There’s his debate (“There you go again…”) and landslide against Jimmy Carter, his dashing response to being shot (“I forgot to duck.”), the air traffic controllers strike, his personal appeal to aging Soviet leaders that finally results in his momentous Geneva summit with Gorbachev, his debate with Walter Mondale, in which he killed concerns about his age, humorously citing Mondale’s “youth and inexperience.”  Almost nobody wanted him to say “tear down this wall” in Berlin, but it became his greatest moment. The failed attempt at massive nuclear disarmament at Reykjavik because Reagan refused to abandon missile defense was another masterstroke adding nails to the Soviet coffin.

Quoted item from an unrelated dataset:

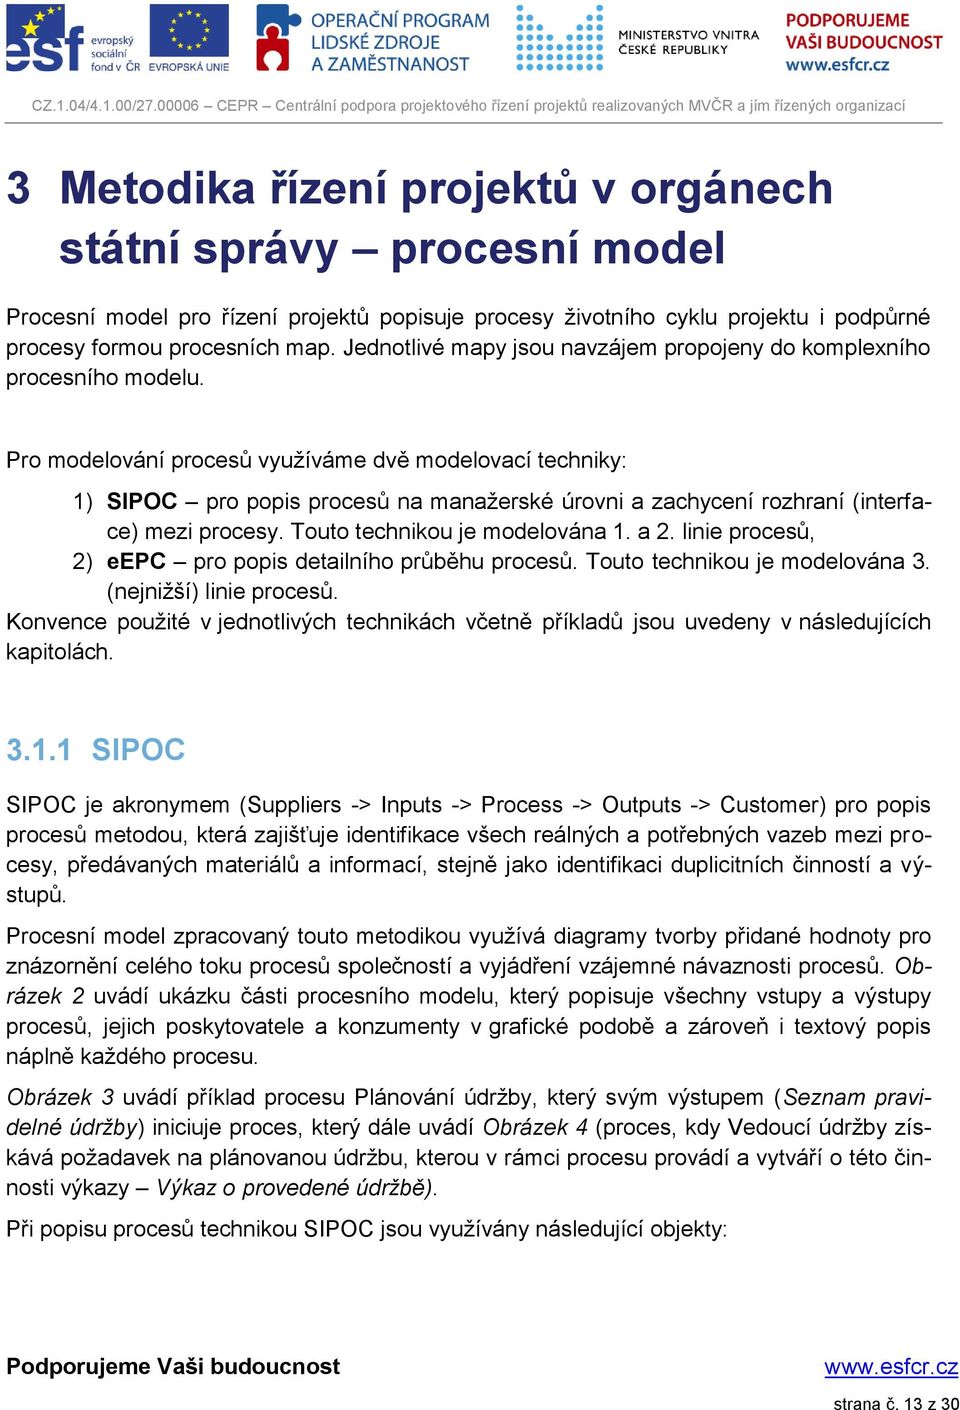 Pro modelování procesů využíváme dvě modelovací techniky: 1) SIPOC pro popis procesů na manažerské úrovni a zachycení rozhraní (interface) mezi procesy. Touto technikou je modelována 1. a 2.

And then there are Reagan’s formative events as a young lay preacher in his smalltown Illinois church, his charming but drunken father and pious mother, the inspirational boyhood novel (That Printer of Utrell’s) that he loved about an alcoholic’s son who becomes a Christian and goes to Washington, DC, his lifeguarding on the river, his playing football at Eureka College, serving as a radio sportscaster in Iowa, becoming a Hollywood star, fighting Communist influence in the Screen Actors Guild, his failed marriage with actress Jane Wyman, the collapse of his own acting career, and his growing passion for politics leading to his televised appeal for Barry Goldwater, which didn’t help Goldwater but did make him governor of California and leader of conservative Republicans until his 1980 election as president.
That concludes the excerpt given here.